Они отступили на шаг, окинув его взглядом, полным странной смеси дочерней заботы и холодной оценки, будто проверяли, как стоит новая мебель. Убедившись, что король водружён на место надлежащим образом, три сестры развернулись и походкой балерин, готовящихся к убийству, направились к выходу.

— Как же я хочу увидеть своими глазами, как этот проклятый Артур падет! — гневно выдохнула Хильдегарда, едва они вышли в коридор. Её кулаки сжались, и костяшки побелели. — Чтобы он ползал у моих ног и молил о пощаде, которую не получит!

— Так и будет, сестрица, — усмехнулась средняя, проводя рукой по лезвию одного из висящих на стене церемониальных мечей. Лезвие тихо зазвенело. — Я надеюсь, нам принесут его голову на серебряном подносе. Мы её начистим до блеска и повесим прямо над троном отца. Чтобы все видели, что бывает с теми, кто смеет бросать вызов Эрнгарду.

— О, да! — захлопала в ладоши младшая, и её голубые глаза загорелись не детским восторгом. — А мне его кошколюдку! Ту, с розовым хвостиком! Я хочу, чтобы мне принесли её ушки! Я сделаю из них сережки! А хвостик… хвостик пойдёт на украшение для моей шляпки!

Они остановились на мгновение у огромного арочного окна, из которого открывался вид на клокочущую сталью площадь. Три прекрасных, идеальных профиля с ледяными глазами осветились одной и той же мыслью.

И тогда они зловеще посмеялись.

Это не был смех веселья. Это было трио колокольчиков, отлитых из утреннего инея на могильной плите — высокое, звенящее и до жути бесчувственное. Он эхом разнесся по пустому коридору, заставив даже проходящего вдали слугу замереть и сгореть от желания провалиться сквозь каменные плиты.

Повернувшись, три блондинки, три надежды Эрнгарда, поплыли дальше, оставляя за собой в воздухе лишь лёгкий аромат морозного цветка и невысказанную, но всеми ощущаемую угрозу. Угрозу, которая вот-вот обрушится на Драконхейм.

Массивная дубовая дверь с железными накладками захлопнулась за Хильдегардой, отгородив ее от мира холодной жестокости и долга. Ее покои были не будуаром принцессы, а скорее личной казармой. Воздух пахн воском для полировки металла и едва уловимой ноткой ладана. На стенах — не гобелены с пасторальными сценами, а развешанное в идеальном порядке оружие: парадный двуручный меч, боевой топор с выщербленным лезвием, увековечившим не одну битву, и изящный, но смертоносный рапира. На полках стояли не безделушки, а аккуратные стопки военных трактатов и макеты осадных орудий.
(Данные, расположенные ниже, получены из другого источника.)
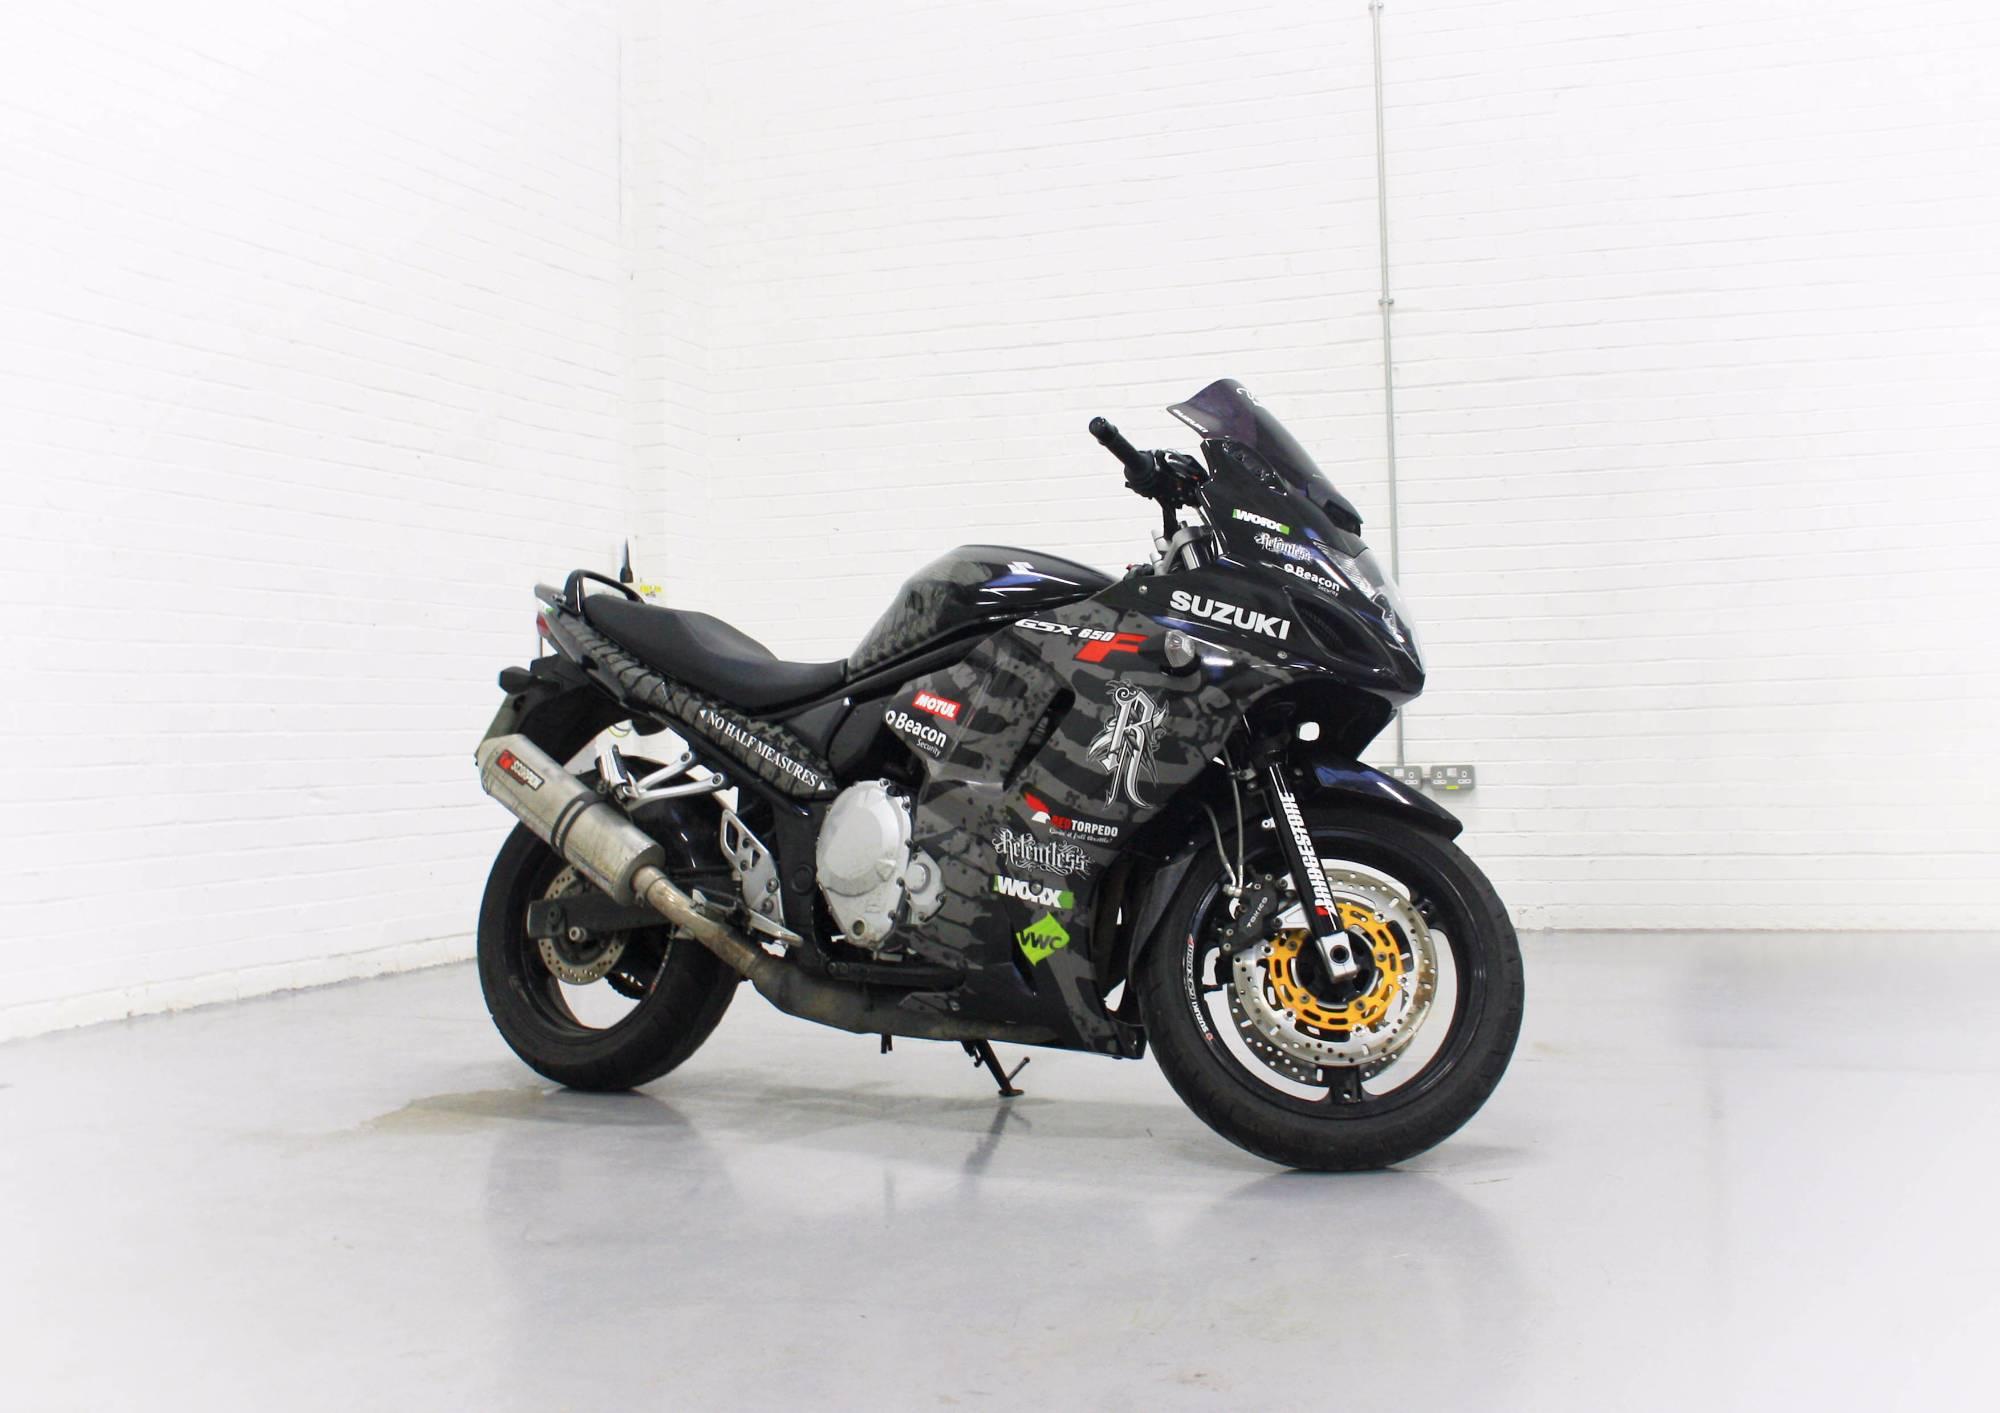 Suzuki%20GSx%20650F%20Photography%202

И прямо напротив огромной кровати, застеленной грубыми медвежьими шкурами, висел он.

Портрет.

Он был написан маслом в темных, мрачных тонах, под стать всему в Эрнгарде. Но на нем был не предок-завоеватель и не отец. На портрете, с усмехающимся, наглым и до боли знакомым лицом, был Артур фон Драконхейм. Он был изображен в той нелепой позе, в которой его впервые увидели при дворе — одна бровь насмешливо приподнята, в уголке рта играет дерзкая ухмылка.

Хильдегарда медленно подошла к портрету, ее пальцы сжались в бессильные кулаки. Вся ее царственная надменность, весь ледяной гнев куда-то испарились. Ее губы задрожали.

— Артурчик, милый… — ее голос сорвался на жалобный шепот, и по ее идеальным, бледным щекам покатились тяжелые, горячие слезы. — Как ты мог? Как ты мог про меня забыть? Неужели ты позабыл свое обещание? Свою клятву? Взять меня в жены… быть моим…

Она отвернулась от портрета, словно не в силах больше выносить его насмешливый взгляд. Ее пальцы дрожащей рукой развязали шнуровку на боку платья, затем на другом. Тяжелая ткань с шелестом упала на каменный пол, образовав у ее ног мрачное пятно. Затем она сбросила нижние юбки и корсет. Стоя в одних лишь тонких льняных сорочке и панталонах, она казалась хрупкой и беззащитной, совсем не грозной воительницей.

Повалившись на широкую кровать, она зарылась лицом в медвежью шкуру, втягивая его животный запах, смешанный с ароматом собственных слез. Ее тело содрогалось от тихих рыданий. Одной рукой она судорожно сжала грудь через тонкую ткань сорочки, почувствовав, как сосок набухает и твердеет от прикосновения, а другой рукой потянулась вниз.

Она завела ладонь под резинку панталон, с трудом стянула их с себя, скинув на пол. Ее пальцы, обычно такие сильные и уверенные, державшие меч, теперь были робкими и дрожащими. Они нашли влажную теплоту между ее ног, уже предательски пульсирующую от воспоминаний и фантазий.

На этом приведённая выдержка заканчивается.